Riceviamo e volentieri pubblichiamo uno scritto di Giovanni Corallo intitolato”Il tempo dell’attesa” come augurio della prossima Santa Pasqua

Un sole caldo riscalda ed esalta i colori della facciata della maestosa abbazia di Morimondo (nella foto). Sedute sul muretto che delimita in parte il sagrato, alcune persone guardano incantate lo spettacolo, silenziose ed immobili come lucertole al sole. Colore dominante il rosso dei mattoni, punteggiato qua e là dal luccichio delle bianche formelle e rinfrescato da squarci di cielo imprigionati da finte finestre ad arco che abbelliscono la parte alta della facciata.

E’ vigilia di Pasqua, un tempo sospeso tra la certezza della passione e della morte e l’attesa della resurrezione. Così è nella liturgia che ogni anno si ripete, metafora di un’esistenza che non sempre riesce a trasformare il tempo dell’attesa in tempo della preparazione e, perché no, dell’anticipo di elementi e di segni di resurrezione. Ogni volta che nel mondo si affermano frammenti di giustizia, brandelli di pace, gesti di solidarietà verso persone conosciute o sconosciute, ogni volta che la bellezza creativa si diffonde fra i popoli assieme all’intelligenza che studia il mondo per il mondo e per chi ci vive, possiamo parlare di resurrezione, di “pasqua” nel senso etimologico del termine ossia “passaggio” dalla morte, quella interiore (Francesco d’Assisi la chiama” morte secunda”) alla vita. 

+ “L’inferno dei viventi non è qualcosa che sarà; se ce n’è uno, è quello che è già qui, l’inferno che abitiamo tutti i giorni, che formiamo stando insieme.
Due modi ci sono per non soffrirne. Il primo riesce facile a molti: accettare l’inferno e diventarne parte fino al punto di non vederlo più. Il secondo è rischioso ed esige attenzione ed apprendimento continui: cercare e saper riconoscere chi e che cosa, in mezzo all’inferno, non è inferno, e farlo durare, e dargli spazio”. (Italo Calvino)

Così, tra una riflessione e l’altra, mi aggiro fra i campi che circondano Morimondo, fra canali e filari di alberi fino a quando non decido di raggiungere un’altra località poco lontana, meta negli anni passati di escursioni in bicicletta: parlo di Fallavecchia e del suggestivo ponte spagnolo a dorso d’asino.

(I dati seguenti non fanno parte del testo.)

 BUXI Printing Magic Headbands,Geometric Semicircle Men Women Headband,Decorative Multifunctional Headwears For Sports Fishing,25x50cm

C’è una scorciatoia che permette di raggiungere il ponte senza fare il giro da Fallavecchia, l’ho scoperta per caso tempo fa.

Mi ricorderò?

La memoria non mi ha tradito, il ponte si erge davanti a me sul canale,  in prossimità di un salto che provoca una piacevole cascata il cui rumore e la cui vista hanno il potere di rinfrescarmi, rasserenarmi e ricaricarmi. Non sono il solo, una figura scura occupa la cima del ponte, una persona anziana, corpulenta, un uomo con una vecchia bicicletta da donna, fuma una sigaretta e porta un copricapo tipico della gente del sud.

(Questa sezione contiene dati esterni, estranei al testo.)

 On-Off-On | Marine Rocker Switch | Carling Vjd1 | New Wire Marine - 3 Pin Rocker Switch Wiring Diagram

Mi avvicino lentamente, ci salutiamo, mi fermo anch’io a guardare l’acqua del canale là dove fra schiume e spruzzi compie il salto.

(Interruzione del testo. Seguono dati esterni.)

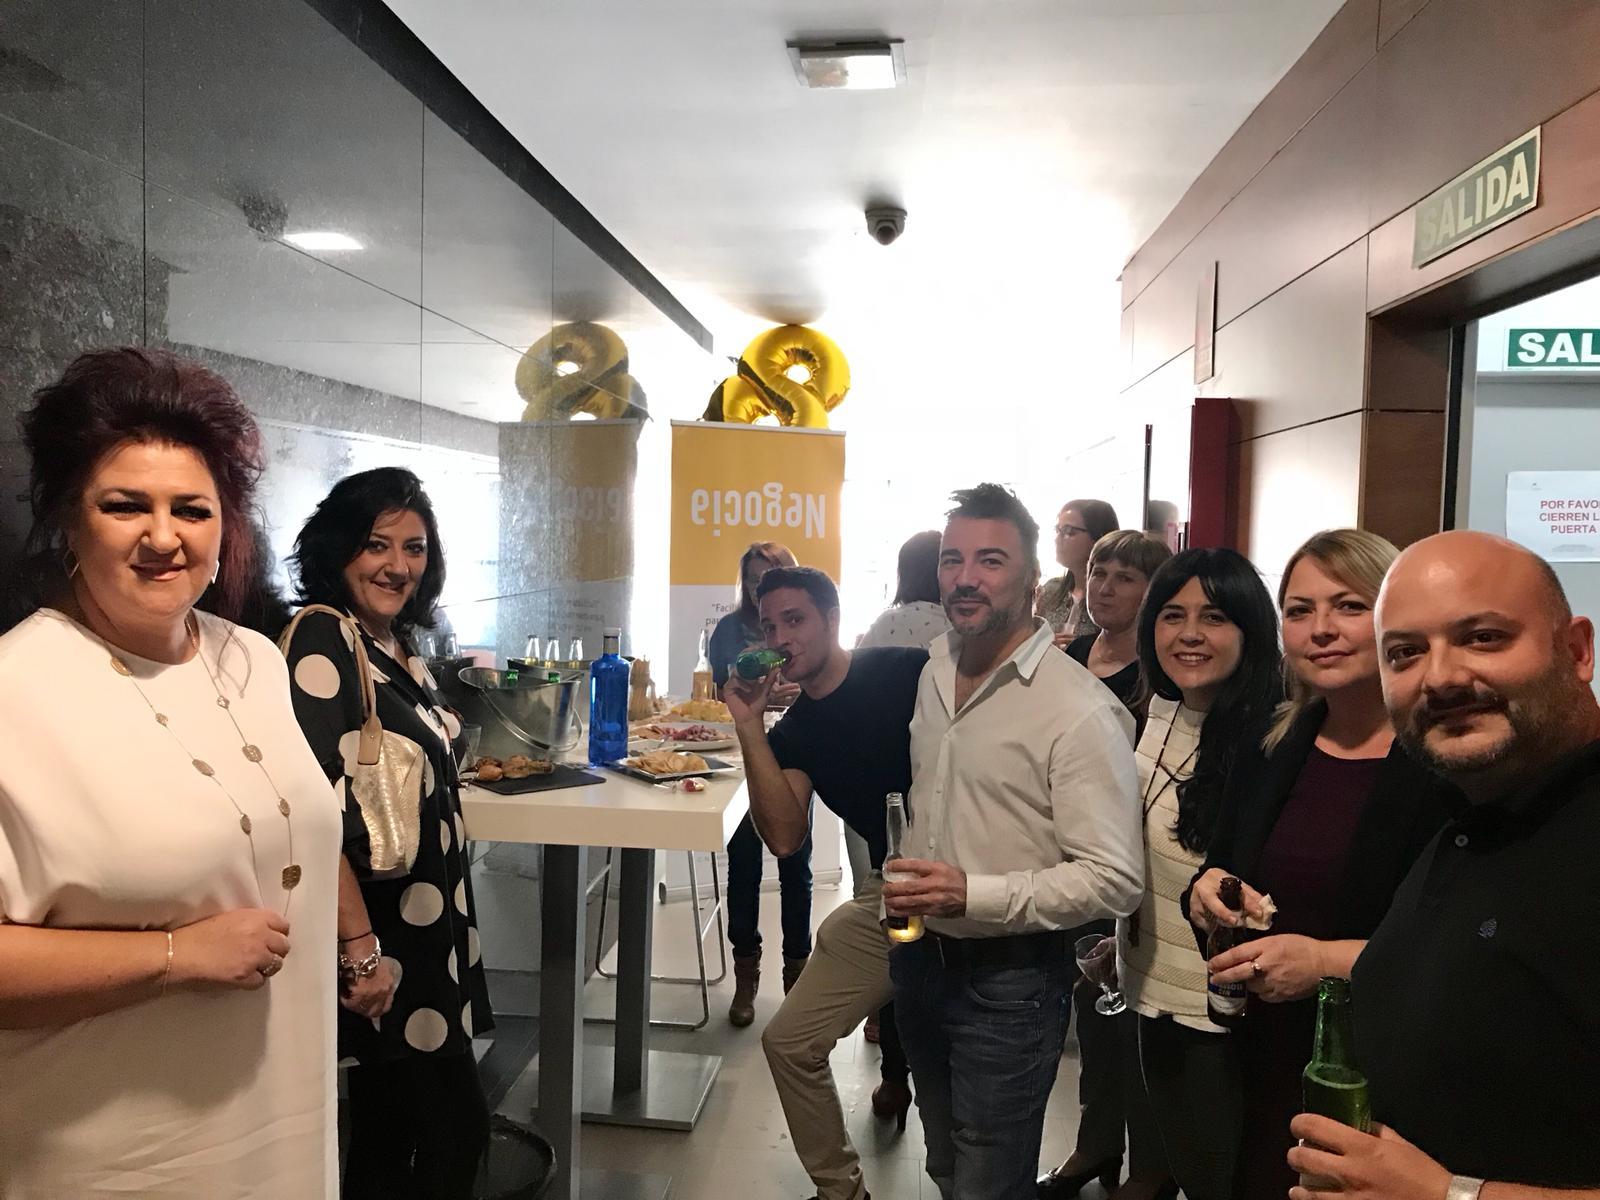 Izq. a der. Mª Carmen, Dolly, Carlos, Samuel, Natalia, May y Pepe

E così, spontaneamente, quasi seguisse il corso dell’acqua, inizia il nostro dialogo sui soliti argomenti che possono affrontare due persone che si vedono per la prima volta: il tempo, il territorio, il piacere di girare in bicicletta, gli acciacchi dovuti all’età e così via. Farina, così si chiama il mio occasionale interlocutore, parla con accento marcatamente siciliano il suo italiano versione lombarda, tipico della bassa milanese. Mi guarda con i suoi occhi grandi e tristi e mi racconta vicende importanti della sua vita (l’emigrazione da Mazara del Vallo nei primi anni ’60, la ricerca del lavoro, la sistemazione sua e, molto tempo dopo, quella dei suoi tre figli maschi, uno dei quali morto a 32 anni).

Lo ascolto in silenzio, rispetto le sue pause a volte talmente lunghe da far pensare alla fine del racconto che, invece, puntualmente riprende. Non fa domande se non per chiedere da quale paese della Sicilia provengo. Accarezza ogni tanto la sua bicicletta nera che gli permette di muoversi per la campagna e di fare quella ginnastica terapeutica, per favorire la circolazione sanguigna, che gli ha tanto raccomandato la sua dottoressa (“Farina, non smetta di muoversi, mi raccomando!”).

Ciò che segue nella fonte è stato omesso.